There are given two trigonometric series:
$$\sum_{n=0}^{\infty}\frac {cos(nx)}{n!}\, and\, \sum_{n=0}^{\infty}\frac {sin(nx)}{n!} $$
1) Show that the two series are uniform convergent on the interval R. The sum functions for the two series are defined as $f$ and $g$ respectively. And explain why $f$ and $g$ are continuous and periodic with $2\pi$.
2) Determine $f(x)$ and $g(x)$ for every $x\in \mathbb{R}$ by computing $f(x) +ig(x)$ (Hint: it can be used that for the complex exponential function $e^z$ it is true that: $$ e^z = \sum_{n=0}^{\infty}\frac {z^n}{n!}$$
1) I have found a majorant series for $f$ and $g$: $$\sum_{n=0}^{\infty}\frac {\lvert cos(nx)\rvert}{n!} \le\sum_{n=0}^{\infty}\frac {1}{n!}$$ $$\sum_{n=0}^{\infty}\frac {\lvert sin(nx)\rvert}{n!} \le\sum_{n=0}^{\infty}\frac {1}{n!}$$ and by performing the ratio text on the majorant series I know that it converges and therefore the two series are uniform convergent. Since the two series are uniform convergent on the interval R, this implies that they are also continuous. And $sin(x+2\pi)=sin(x)$ and $cos(x+2\pi)=cos(x)$ Therefore, $f$ and $g$ are periodic with $2\pi$.
2) I am not sure how to determine $f(x)$ and $g(x)$ by computing $f(x)+ig(x)$.

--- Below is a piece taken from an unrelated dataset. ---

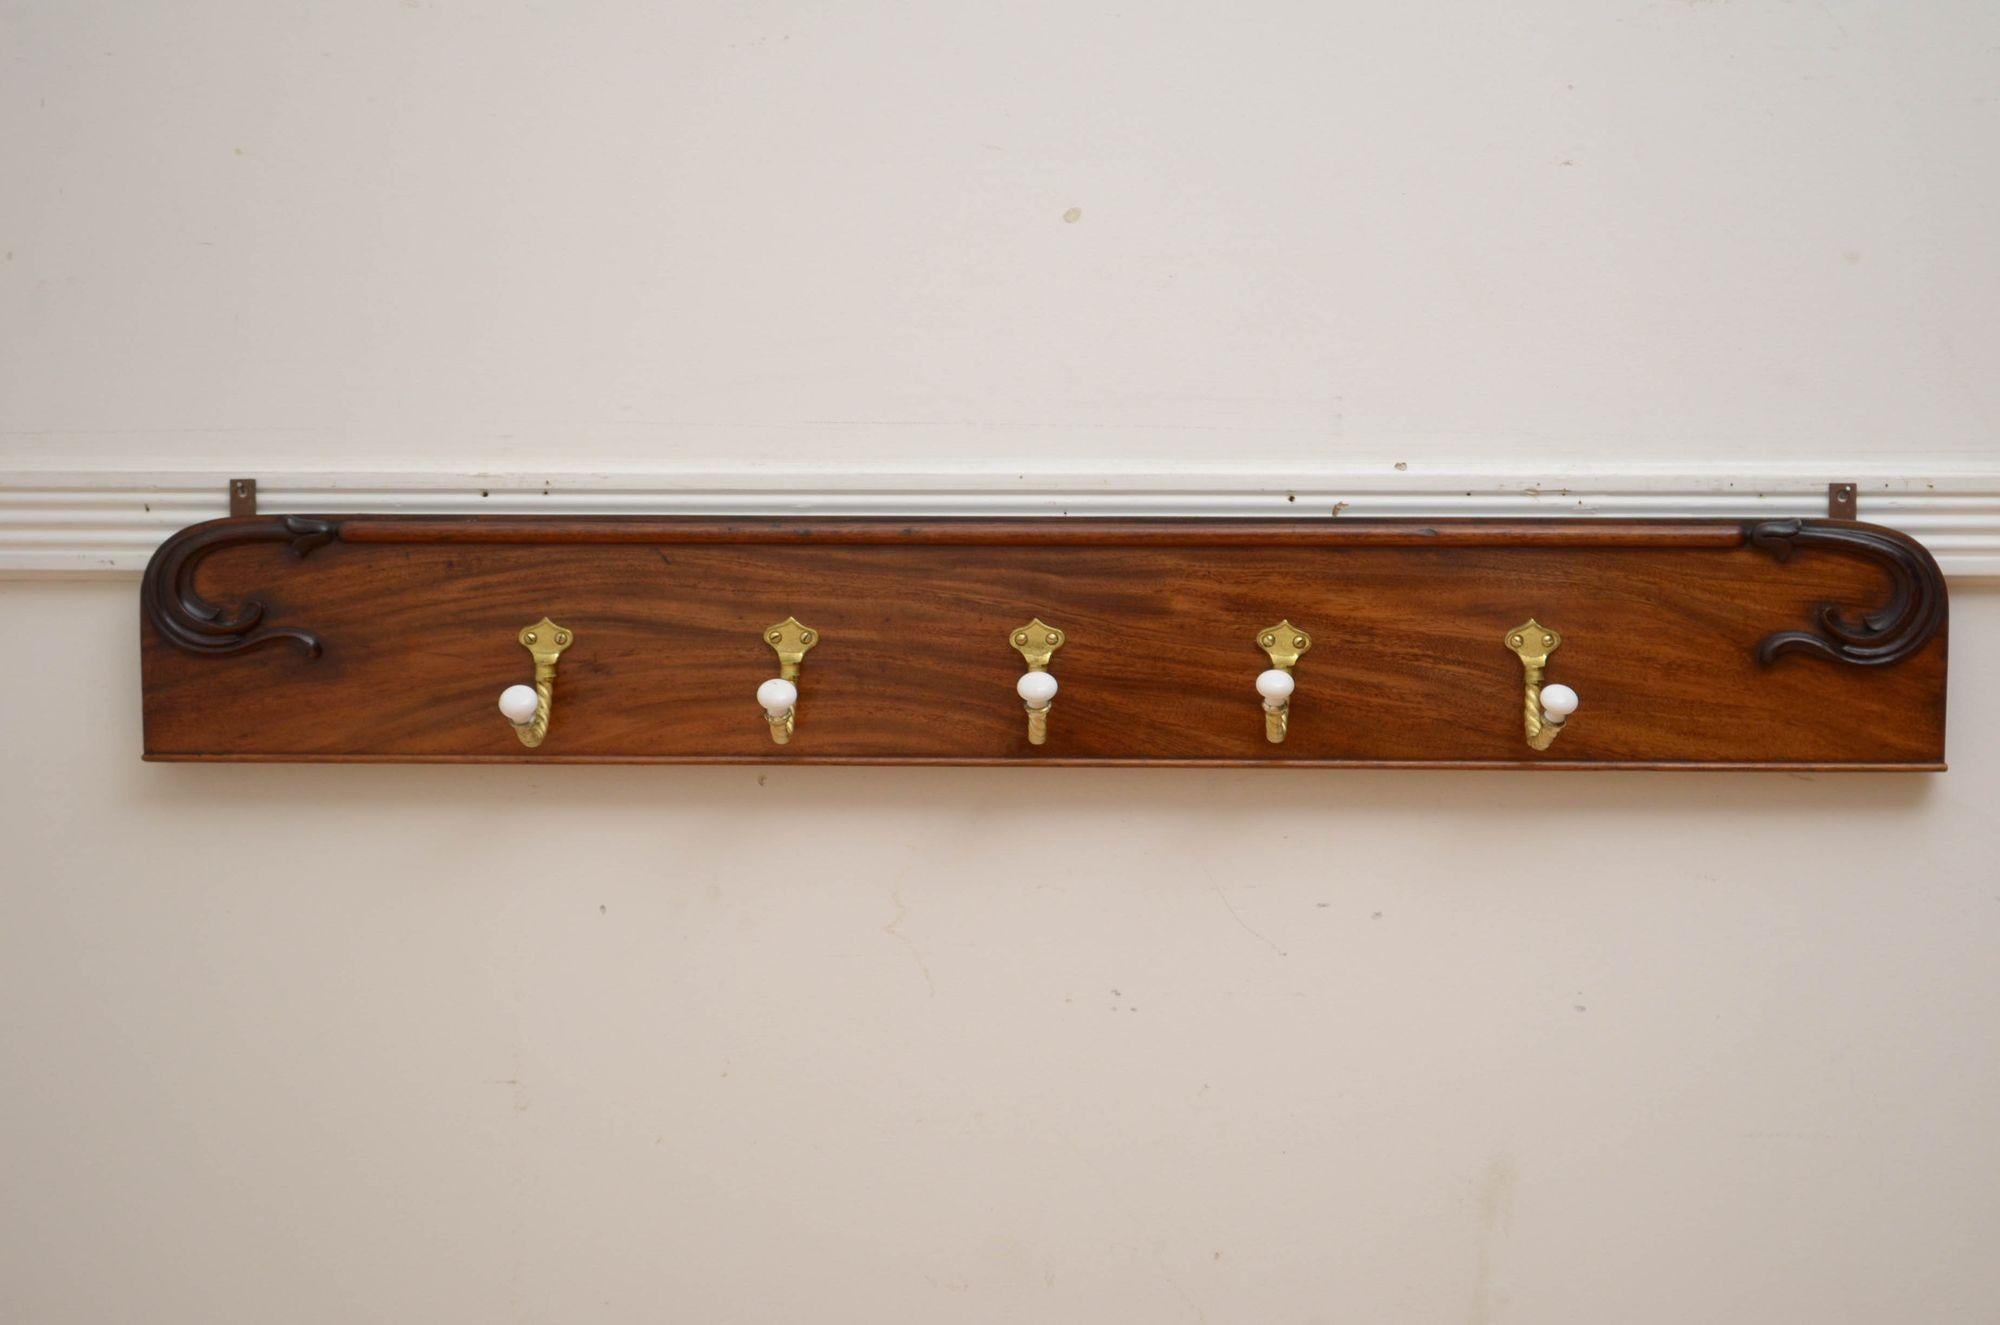 K00300 Stylish and practical antique coat hooks with five very decorative, twisted rope hooks with ceramic ends on on William IV figured mahogany backing with finely carved scrolls, all fitted with hanging brackets, ready to place at home. XIXth

Hint. From $$ e^z = \sum_{n=0}^{\infty}\frac {z^n}{n!}$$ one gets $$ e^{e^{ix}} = \sum_{n=0}^{\infty}\frac {e^{inx}}{n!}=\sum_{n=0}^{\infty}\frac {\cos(nx)+i\sin(nx)}{n!}= \sum_{n=0}^{\infty}\frac {\cos(nx)}{n!}+ i\sum_{n=0}^{\infty}\frac {\sin(nx)}{n!}. $$ Then find, for $x \in \mathbb{R}$, $$ \text{Re}\left( e^{e^{ix}}\right),\quad \text{Im}\left( e^{e^{ix}}\right). $$